Supplementary Materials
Data Availability Statement
The 10X Genomics single-cell CRISPR and RNA-seq data generated in this study have been deposited in the Gene Expression Omnibus database under accession code GSE174307. Three-dimensional protein structures (PDB ID 3UWP and 6NQA) were obtained from the Research Collaboratory for Structural Bioinformatics Protein Data Bank (RCSB PDB; https://www.rcsb.org)39. Consortium genomic information were obtained from cBioPortal (https://www.cbioportal.org)32, Cancer Cell Line Encyclopedia (CCLE; https://portals.broadinstitute.org/ccle)48, and dbSNP (https://www.ncbi.nlm.nih.gov/snp/)49 databases. Additional data that support the findings of this study are provided in the Supplementary information and Source data files. Source data are provided with this paper.

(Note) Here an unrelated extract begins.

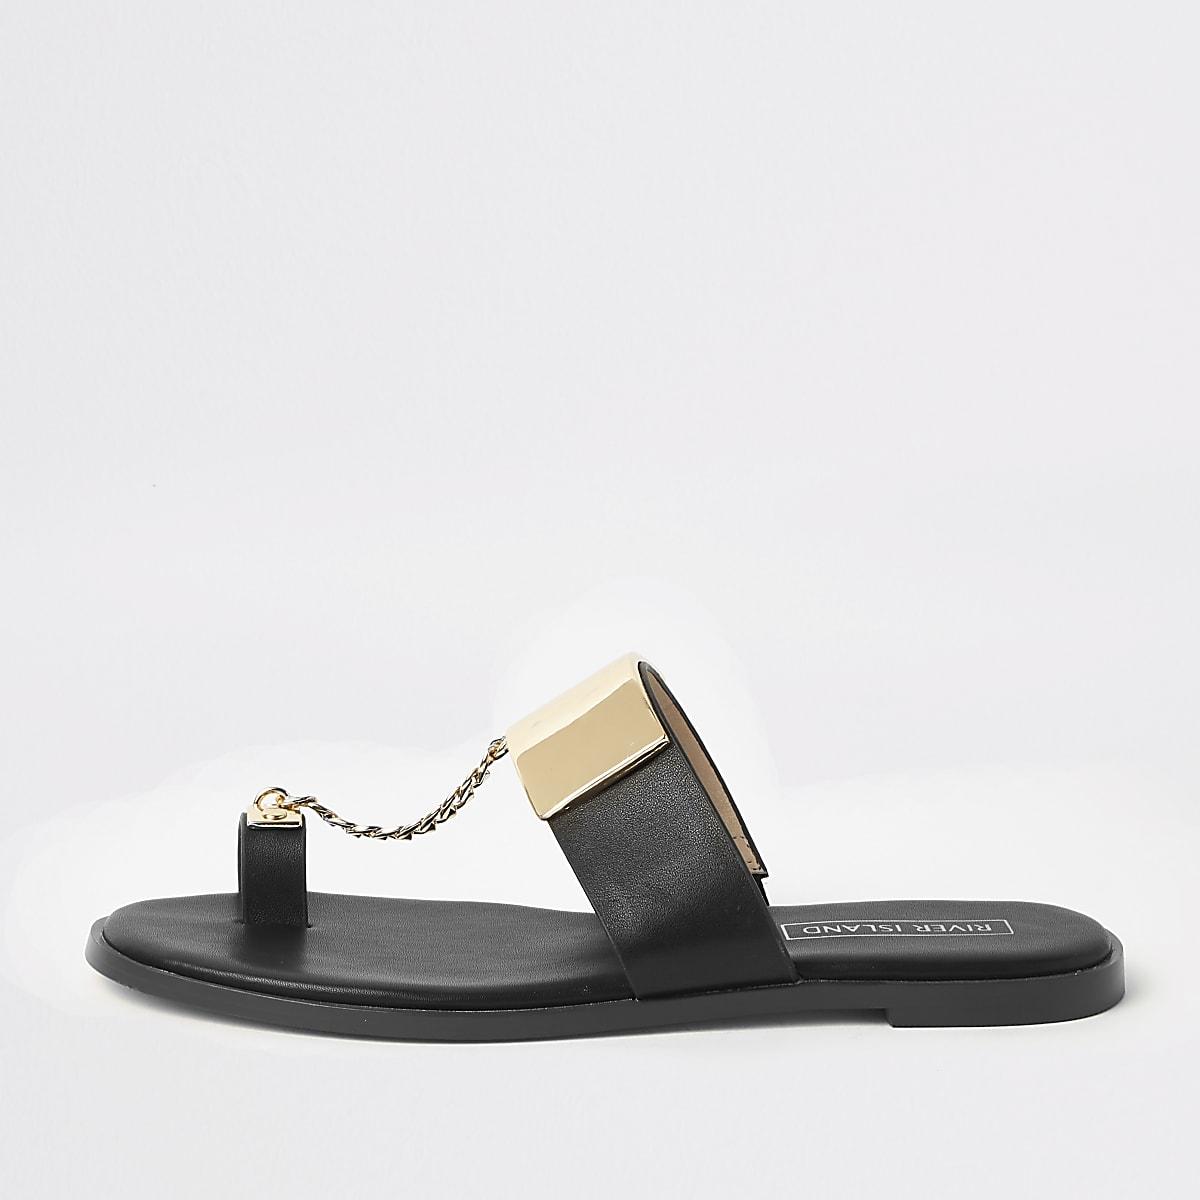 Schwarze Sandalen mit Zehensteg

The computational codes/tool packages used in this study are available at https://github.com/l0yang05/singleCell_CRISPR_10x (GitHub) and through other developers and venders, including Genetic Perturbation Platform (Broad Institute)36, Seurat v3.2.324, Monocle2.14.026, Gaussian kernel smoothing in R38, CLC Main Workbench version 8.1 (Qiagen), Bowtie2.3.5.141, edgeR package 3.28.142, PSIPRED v3.3 server43, MultAlin v5.4.1 server44, I-TASSER server v5.145, ZDOCK v3.0.2 software47, PyMOL v1.8.6 software (Schrödinger, LLC), UCSF Chimera 1.1540, ImageJ 1.8.0_17250, PRALINE multiple sequence alignment51, FlowJo v9, and Attune NxT v3.1.2 (Thermo Fisher).